De Klerk missed many chances to fully reconcile with South Africans – Tutu foundation

The foundation has criticised De Klerk for never being able to acknowledge the full extent of apartheid’s evil.

While the Desmond & Leah Tutu Legacy Foundation has sent its condolences to the De Klerk family following the death of FW de Klerk on Thursday morning,it also lamented the many chances he missed to fully reconcile with all South Africans.

“We send our condolences to the De Klerk family. It is never easy to lose a father,” said Foundation CEO Piyushi Kotecha to the family of South Africa’s last apartheid-era president, who she said played a pivotal part in the country’s transition to democracy.

“It is, however, sad that Mr de Klerk missed the many chances he had to fully reconcile with all South Africans by acknowledging the full extent of the damage caused by apartheid. That damage is with us today,” said Kotecha.

“We are in many ways a broken society. It is as our founder, Archbishop Emeritus Desmond Tutu, has said, ‘Mr de Klerk could have gone down in history as a truly great South African statesman, but he eroded his stature and became a small man, lacking magnanimity and generosity of spirit’.”

The foundation criticised De Klerk for never being able to acknowledge the full extent of apartheid’s evil.

“The third phase of De Klerk’s career was a disappointment, a return to form in which he made unconvincing denials of apartheid-era atrocities at the Truth and Reconciliation Commission, chaired by Archbishop Tutu. He also refused to acknowledge apartheid as an atrocious crime against humanity. He went on to become something of an apologist for apartheid on the global speaking circuit. This is sadly a part of history best forgotten.”

De Klerk says ‘apartheid was wrong’

The former president seems to have changed his tune in his final days.

In a video released by the FW de Klerk foundation on Thursday, the former president apologised “unreservedly” for the system of “separate development”.

He said in part: “It is true that in my younger years I defended separate development as I never liked the word apartheid. I did so when I was a member of Parliament and I did so as I became a member of Cabinet. Afterwards, on many occasions I apologised for the pain and the indignity that apartheid has brought to persons of colour in South Africa. Many believed me, but others didn’t.

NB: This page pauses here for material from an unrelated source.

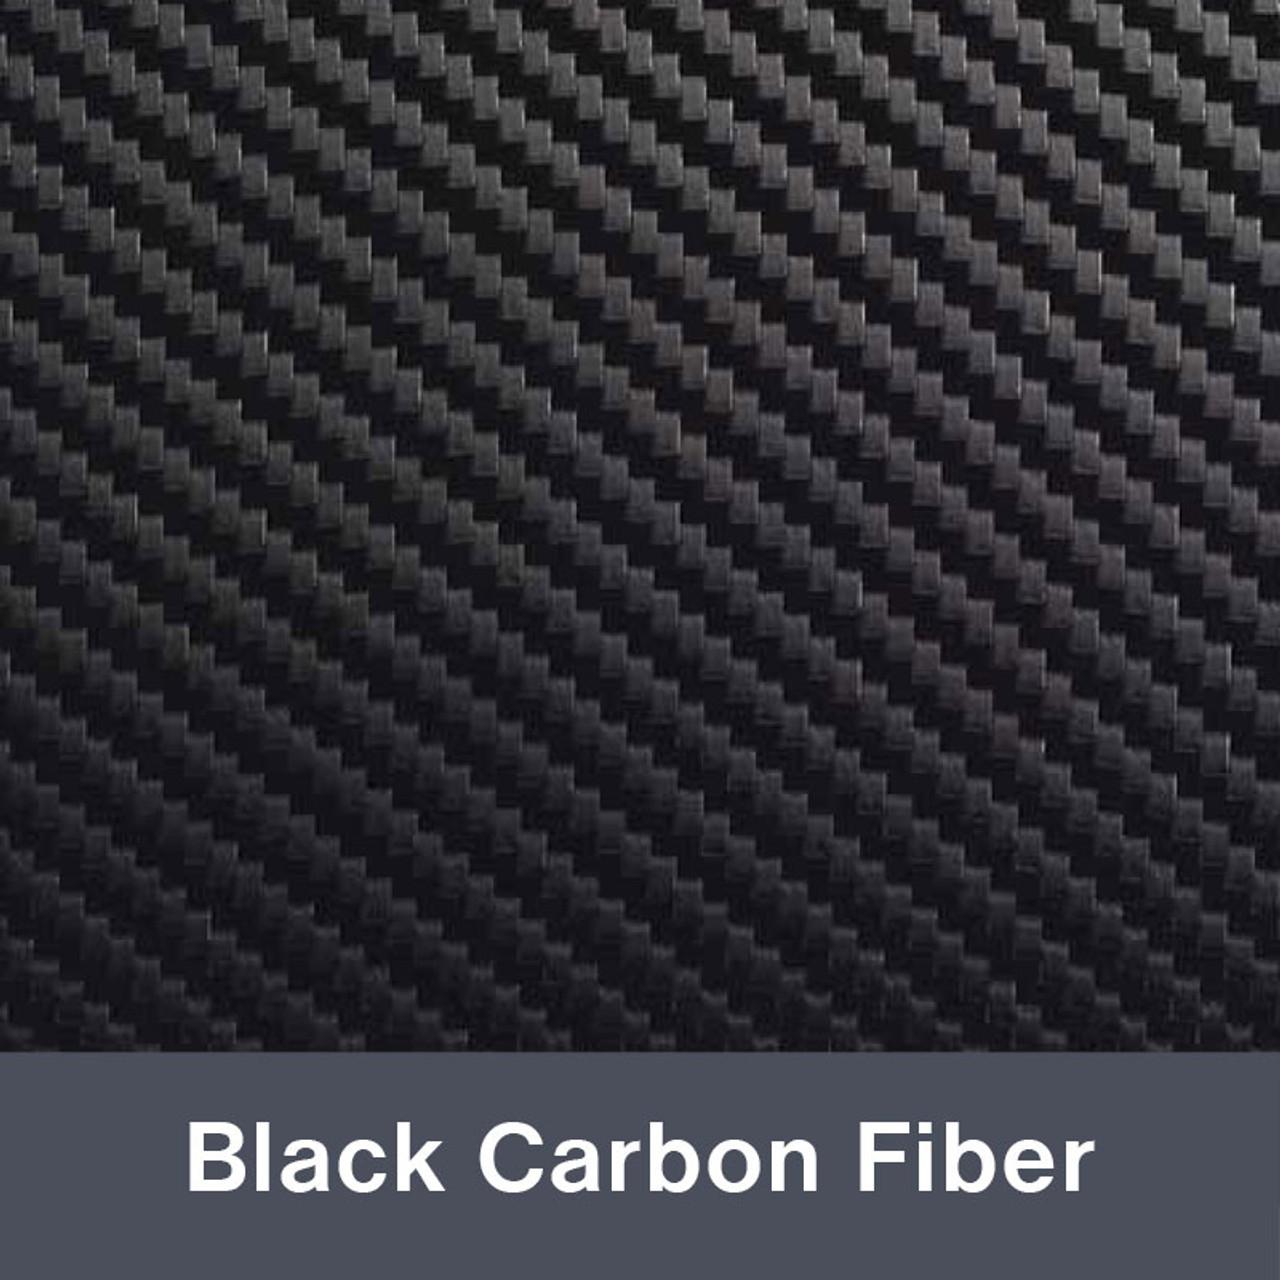 Iron-on Black Carbon Fiber 4225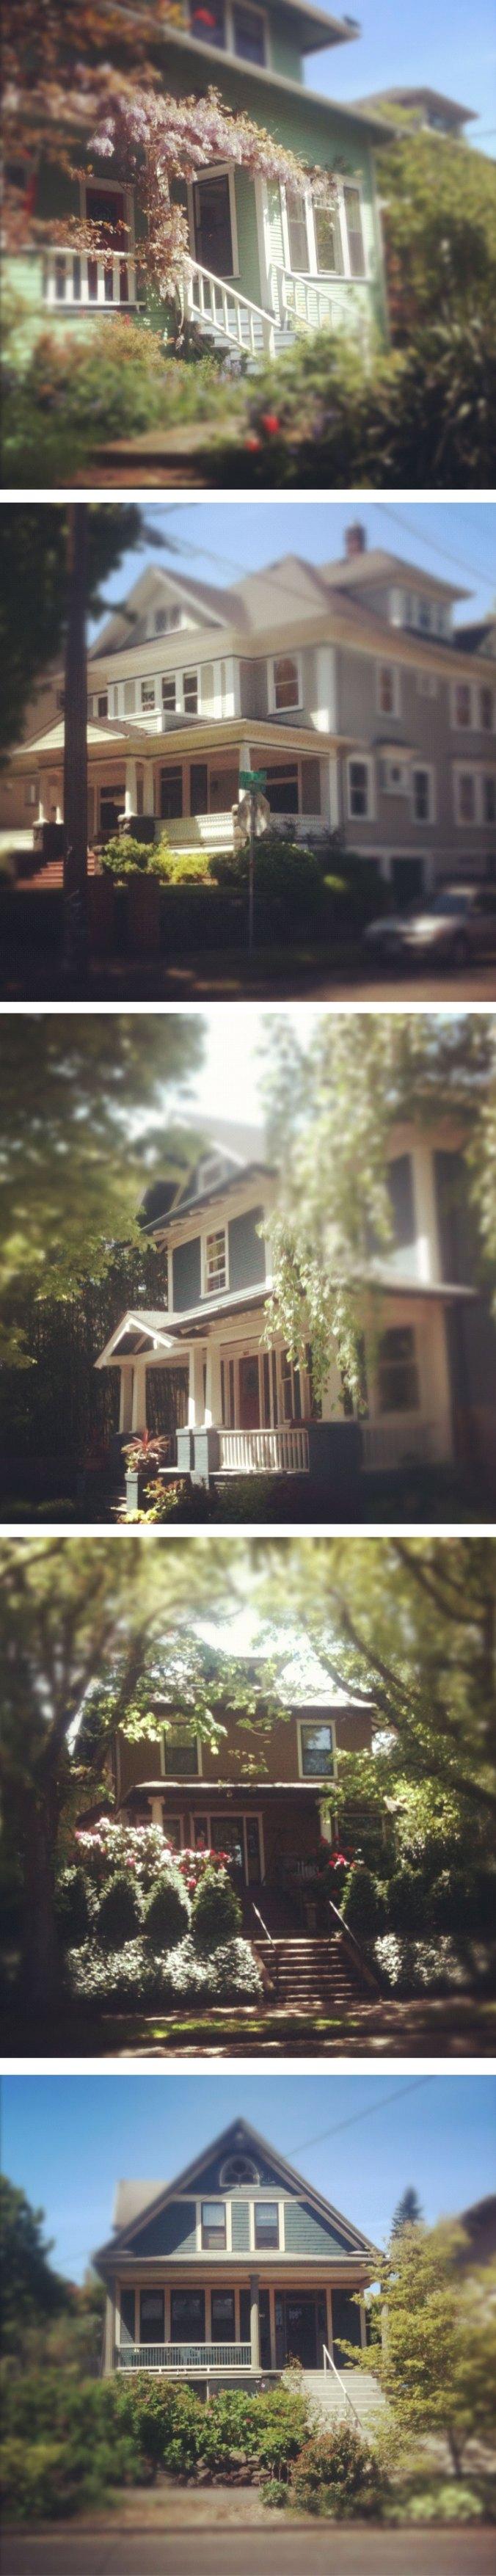 SE PDX Houses

“Therefore let me today in this last message, repeat, I without qualification apologise for the pain and the hurt and the indignity and the damage that apartheid has done to Black, Brown and Indians in South Africa. I do so not only in my capacity as the former leader of the National Party but also as an individual.

“Allow me in this last message to share with you the fact that since the early 80s my views changed completely.

“It was as if I had a conversion and in my heart of hearts realised that apartheid was wrong. I realised that we had arrived at a place which was morally unjustifiable.”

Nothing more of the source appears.